東証のインフラファンド市場は、事業者が開発した再エネ施設をインフラファンドに売却。そこで得た資金を、新たな施設開発に再投資するサイクルをつくり、再エネの拡大を加速させたいというコンセプトのもとに市場が創設された。山崎氏は「今後、いっそうのコスト競争力向上に向けて、太陽光発電施設は大規模化が望まれます。インフラファンドには、そこに必要となる大きな投資資金のファイナンスの一翼を担っていただきたい」と語る。

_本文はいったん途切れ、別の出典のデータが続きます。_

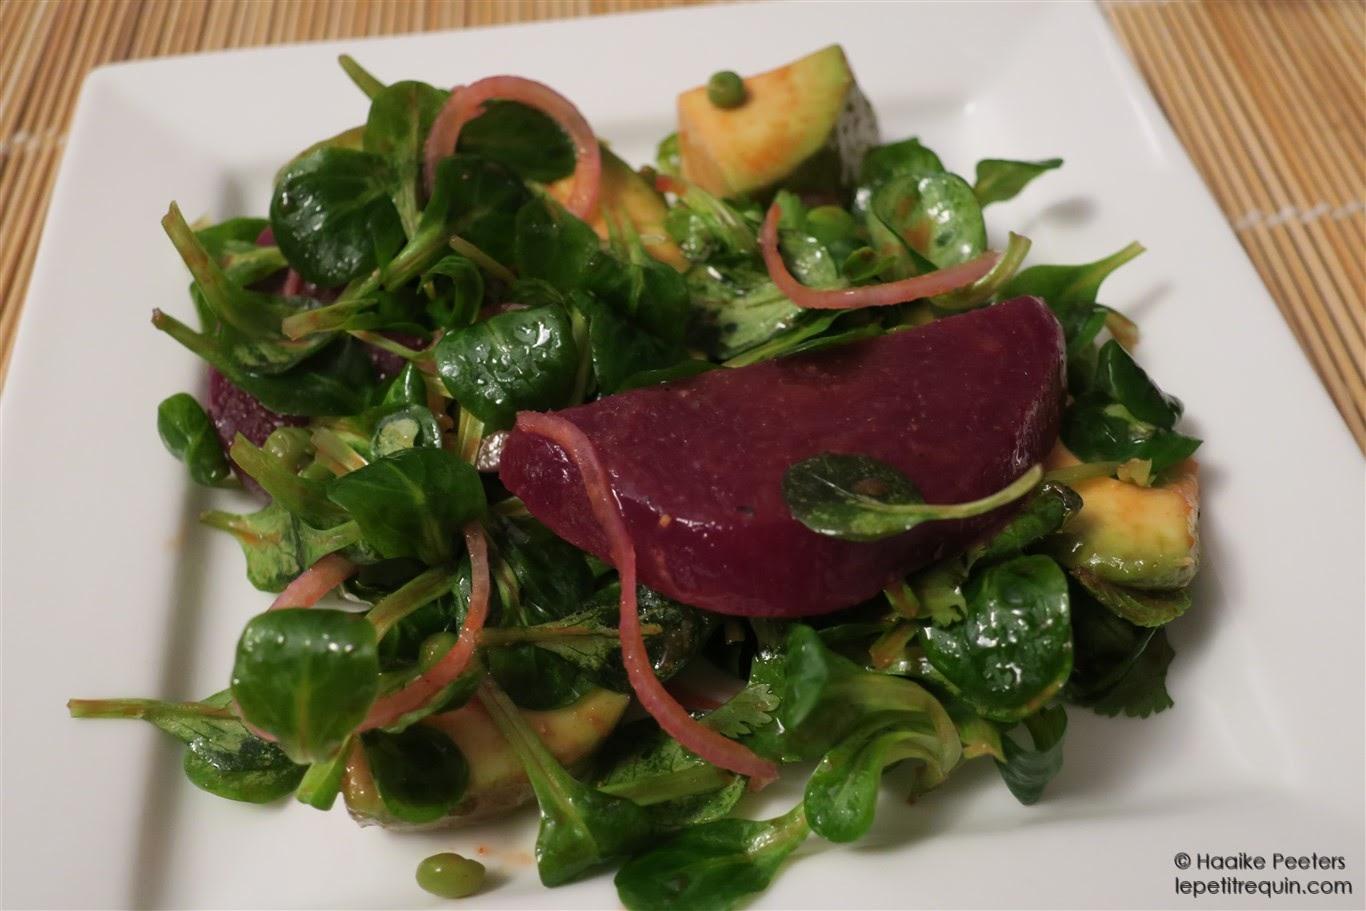 Salade met avocado, rode biet en erwtjes (Le petit requin)

再エネ施設を投資対象とするインフラファンドは、再エネの主力電源化を目指す国のエネルギー戦略とも一致し、将来性の高い投資分野といえるだろう。山崎氏は、上場後も継続的に再投資をして、将来にわたって規模を拡大していくことが想定される上場インフラファンドに対して、「FITが終了した後も、再エネを長期安定的な主力電源として支える主役となっていただきたい」と期待を語る。

対象インフラを広げてESG投資機会を提供

再エネ施設に投資するインフラファンドを後押しする流れは、投資する側にもある。国連のSDGs(持続可能な開発目標)にも取り上げられた温暖化をはじめとする地球環境、貧富の格差といった問題の深刻化は、世界経済に大きな影響を及ぼすことから、機関投資家を中心に、財務以外のESGを考慮して投資先を検討する「ESG投資」が拡大。持続可能な社会の実現への貢献と同時に、持続的成長力がある企業からリターンを得ようとしていて、実際に高い投資パフォーマンスを上げつつある。JPXは、国連の「サステナブル・ストック・エクスチェンジ(持続可能な証券取引所)イニシアチブ」に参加してESG投資促進の取組みを進めている。横田氏は「ESG投資への関心は個人投資家の間でも高まっています。比較的手の届く金額で、J-REITや株式と同様に売買できる上場市場のインフラファンドで、再エネへの投資機会を提供し、長期の資産形成のために活用してもらうことは意義があるでしょう」と語る。

東京証券取引所上場推進部長
横田 雅之

東証は、今後インフラファンドの投資対象が太陽光にとどまらず、風力やバイオマスも含む再エネ、さらに道路や空港といったインフラ全般に拡大するように取り組む。横田氏は「我が国の各種インフラの維持・拡大を、個人投資家を含む民間資金で支えていくための市場として育てていきたい」と、インフラファンドの未来に思いを広げた。